438. Find All Anagrams in a String

Problem statement

Given a string s and a non-empty string p, find all the start indices of p's anagrams in s.

Strings consists of lowercase English letters only and the length of both strings s and p will not be larger than 20,100.

The order of output does not matter.

Example 1:

Input:
s: "cbaebabacd" p: "abc"

Output:
[0, 6]

Explanation:
The substring with start index = 0 is "cba", which is an anagram of "abc".
The substring with start index = 6 is "bac", which is an anagram of "abc".

Example 2:

Input:
s: "abab" p: "ab"

Output:
[0, 1, 2]

Explanation:
The substring with start index = 0 is "ab", which is an anagram of "ab".
The substring with start index = 1 is "ba", which is an anagram of "ab".
The substring with start index = 2 is "ab", which is an anagram of "ab".

Solution

This is an anagram problem. As defined from Google translation: "a word, phrase, or name formed by rearranging the letters of another, such as cinema, formed from iceman."

That means all anagrams have the same letters but different combination, obviously, we can get the same string if we sort two anagrams. This is a key two strings to compare.

Solution one: compare each sub-strings(TLE).

• sort the string p
• Loop from s, find the sub-string with the same size with p, sort the sub-string, compare they are equal or not.

Suppose the size of p is m, the size of s is n.

Time complexity is O(nmlgm).

class Solution {
public:
    vector<int> findAnagrams(string s, string p) {
        sort(p.begin(), p.end());
        int size = p.size();
        if(s.size() < p.size()){
            return {};
        }
        vector<int> indices;
        for(int i = 0; i <= s.size() - size; i++){
            string str = s.substr(i, size);
            sort(str.begin(), str.end());
            if(str == p){
                indices.push_back(i);
            }
        }
        return indices;
    }
};

Solution two: sliding window(AC)

This is a very classical idea to solve the problem.

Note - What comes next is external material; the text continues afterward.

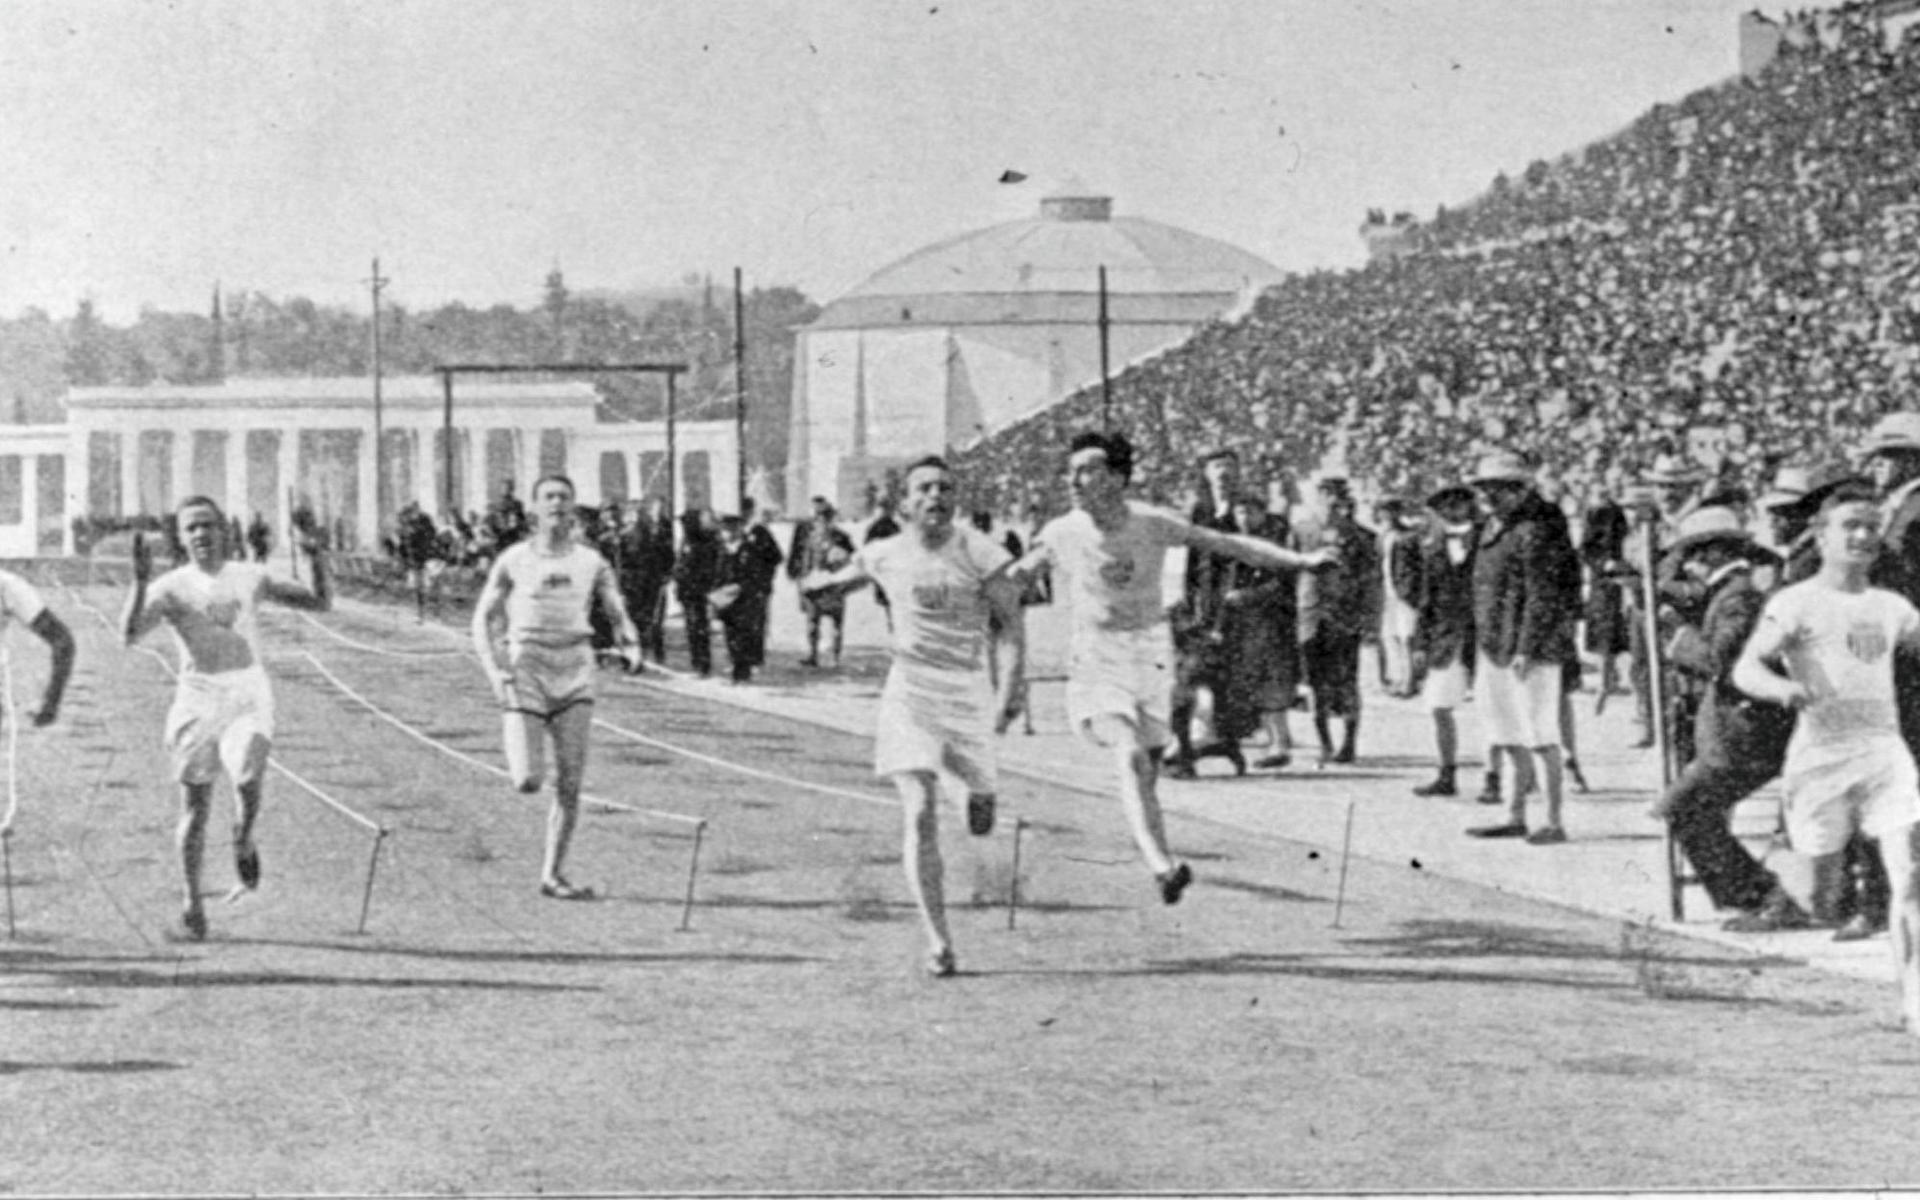 OS-final på 100 meter. Knut ”Knatten” Lindberg var den ende europé som lyckades ta sig till final, där han dock blev sist. Vinner gör amerikanen Archie Hahn längst till höger.

We keep a sliding window with the size of string p, recording the appearances of each letter in this window(since all lower case letters). Compare the vector with target(the vector of p).

Update the appearances each time when we move the sliding window.

Time complexity is O(26n) -- > O(n), since 26 is a constant number. space complexity is O(26 * 2) --> O(1), since it does not expand with the size of string increases.

class Solution {
public:
    vector<int> findAnagrams(string s, string p) {
        vector<int> pv(26, 0), sv(26, 0), indices;
        if(s.size() < p.size()){
            return {};
        }
        for(int i = 0; i < p.size(); i++){
            ++sv[s[i] - 'a'];
            ++pv[p[i] - 'a'];
        }
        if(sv == pv){
            indices.push_back(0);    
        }
        for(int i = p.size(); i < s.size(); i++){
            ++sv[s[i] - 'a'];
            --sv[s[i - p.size()] - 'a'];
            if(sv == pv){
                indices.push_back(i - p.size() + 1);
            }
        }
        return indices;
    }
};